**Task to carry out:** Could you write out exactly, and only, the lines from the one containing "Wellness Pool im Dunkeln" through the last line of the data, leaving out all pictures?

**Supplied data:**
_____

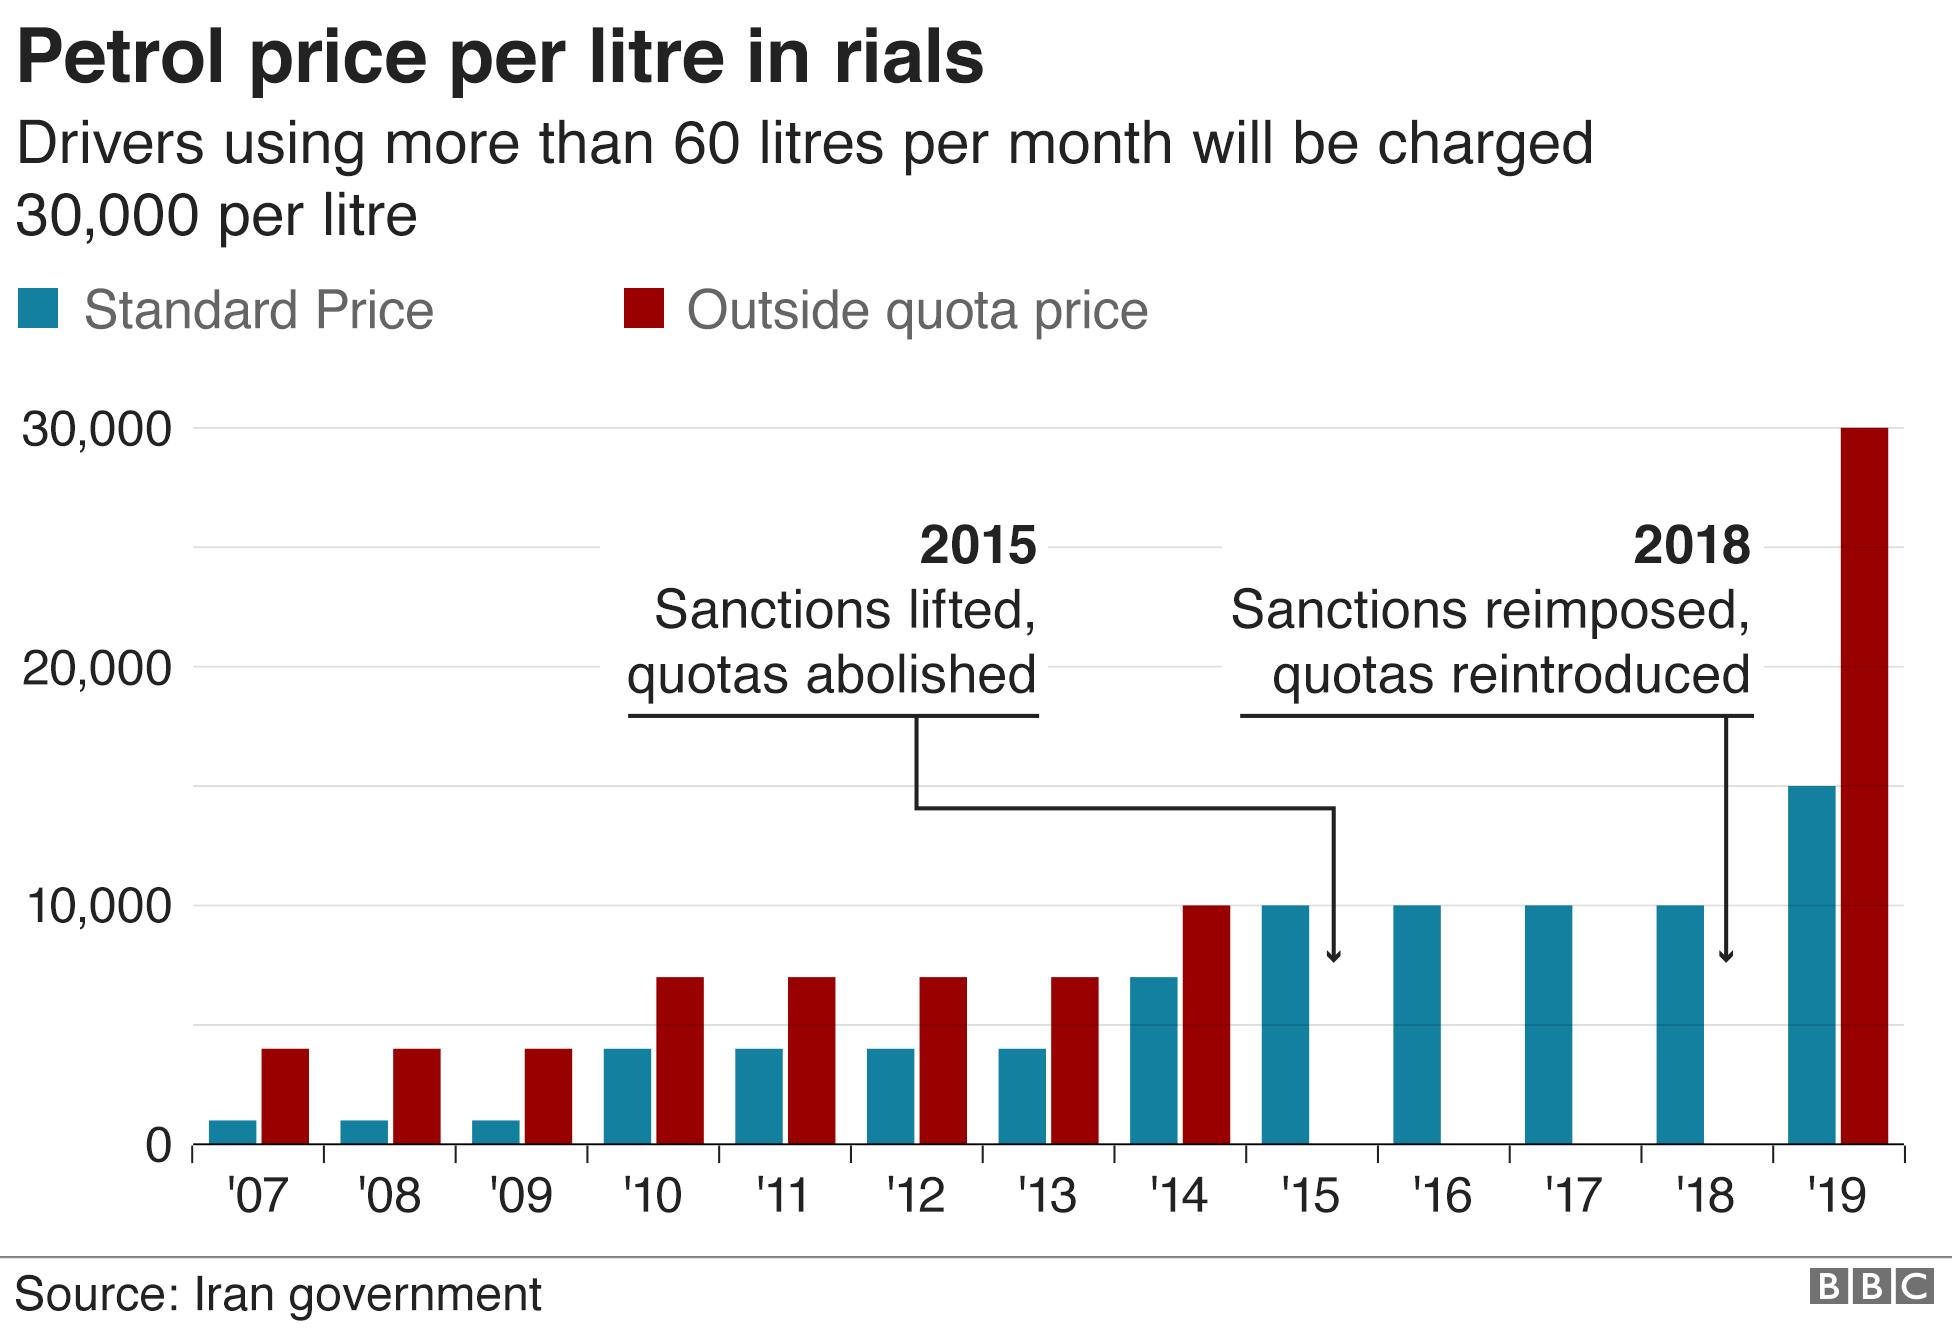 Petrol prices per litre in Iran (November 2019)
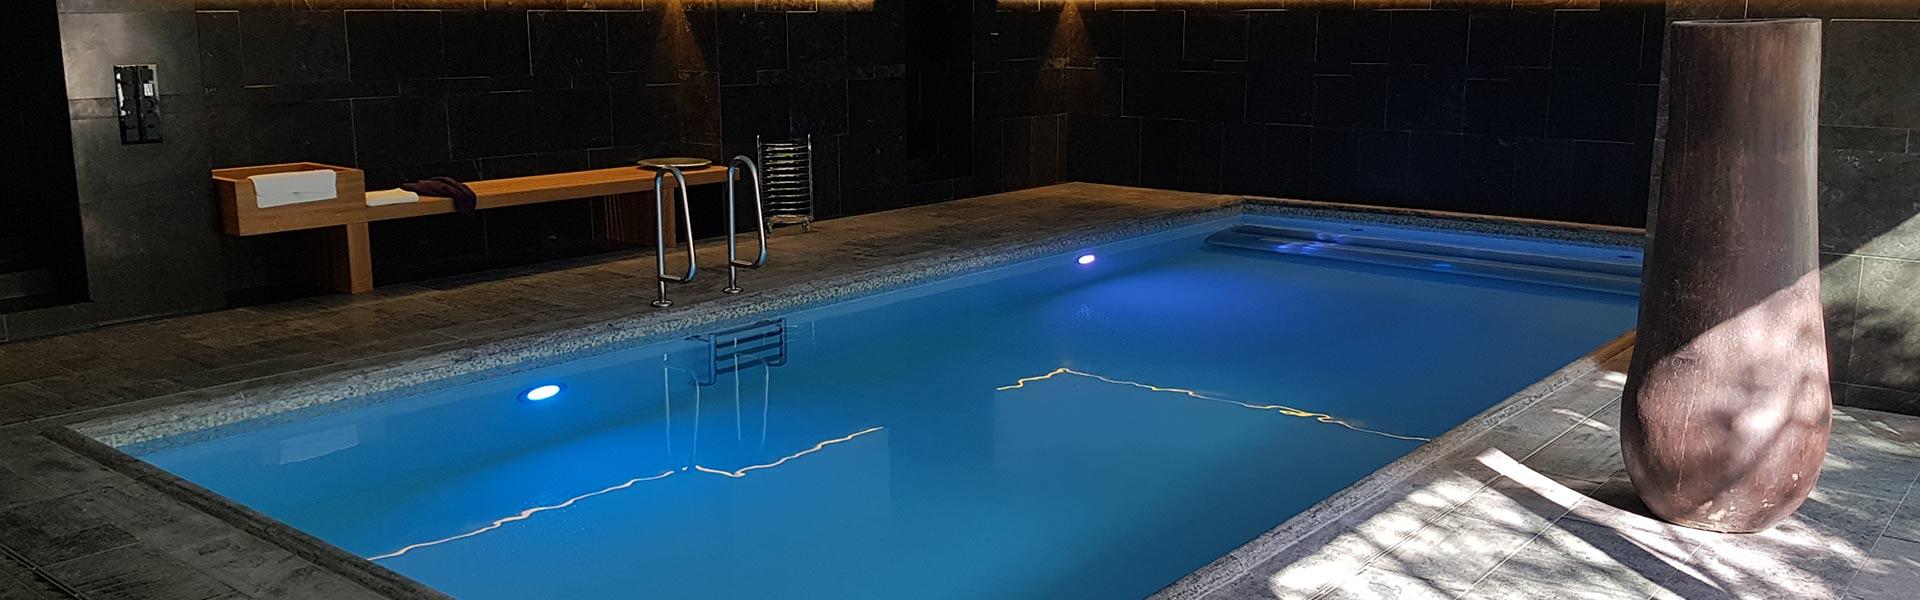 Wellness Pool im Dunkeln
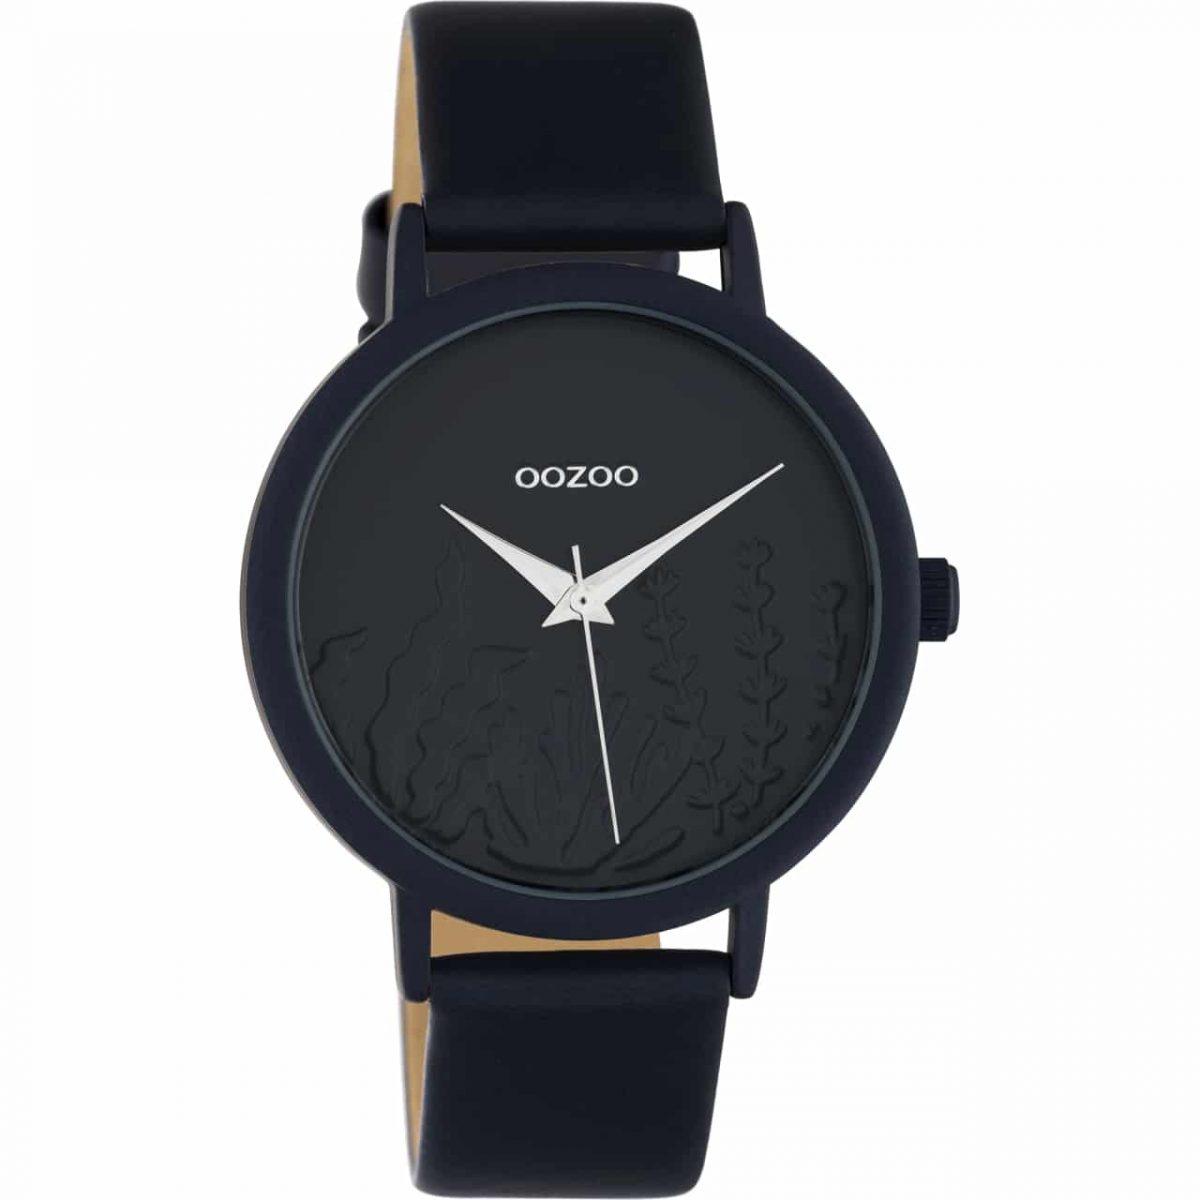 Timepieces Summer 2020 - C10607 - OOZOO
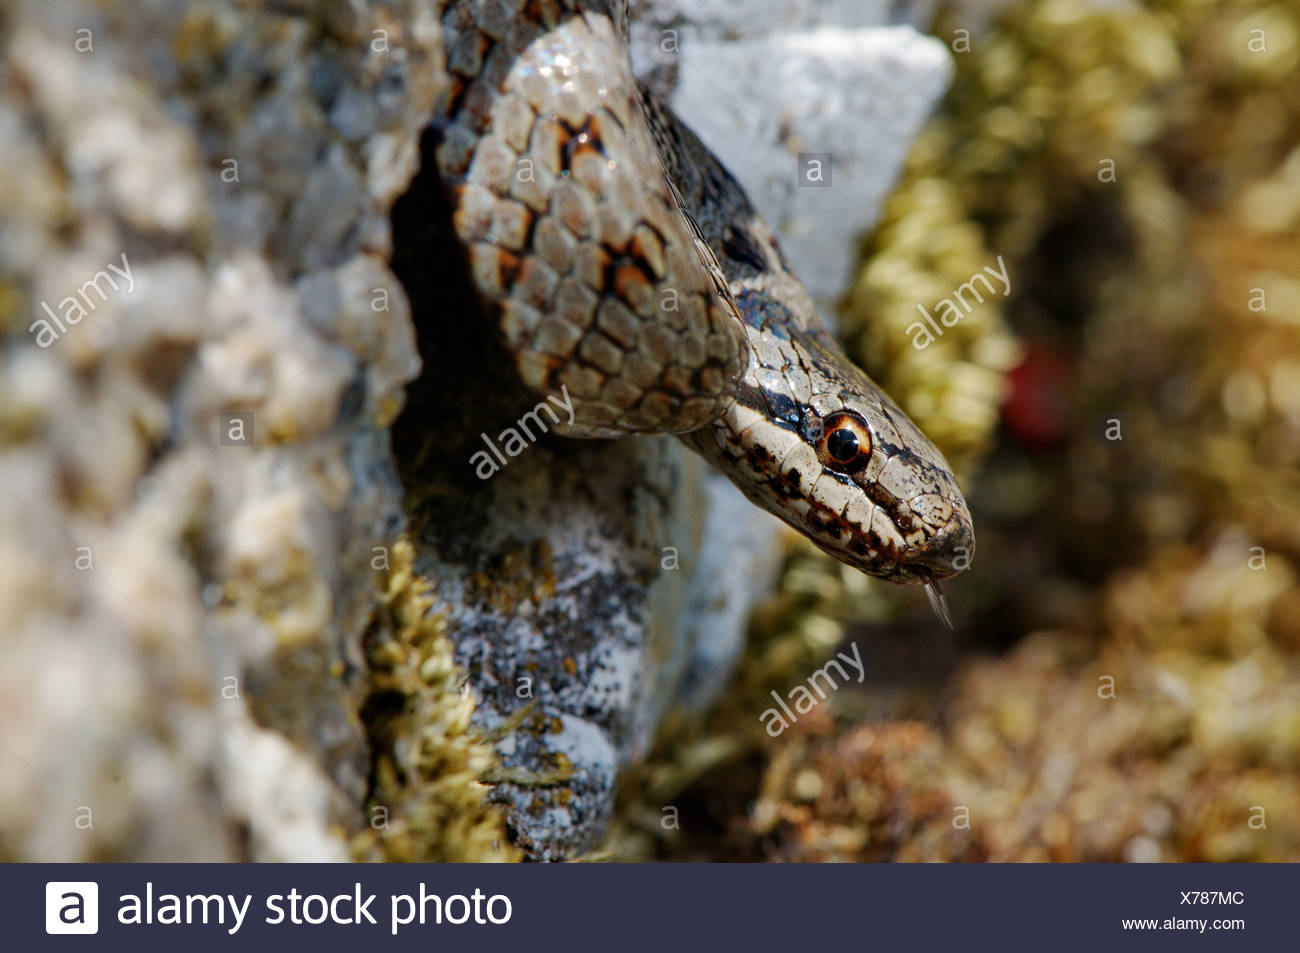 smooth snake, Coronella austriaca, snake, snakes, reptile, reptiles, portrait, protected, endangered, indigenous, non-venomous, - Stock Image

_____

**Written reply:**
 Wellness Pool im Dunkeln
 Timepieces Summer 2020 - C10607 - OOZOO
 smooth snake, Coronella austriaca, snake, snakes, reptile, reptiles, portrait, protected, endangered, indigenous, non-venomous, - Stock Image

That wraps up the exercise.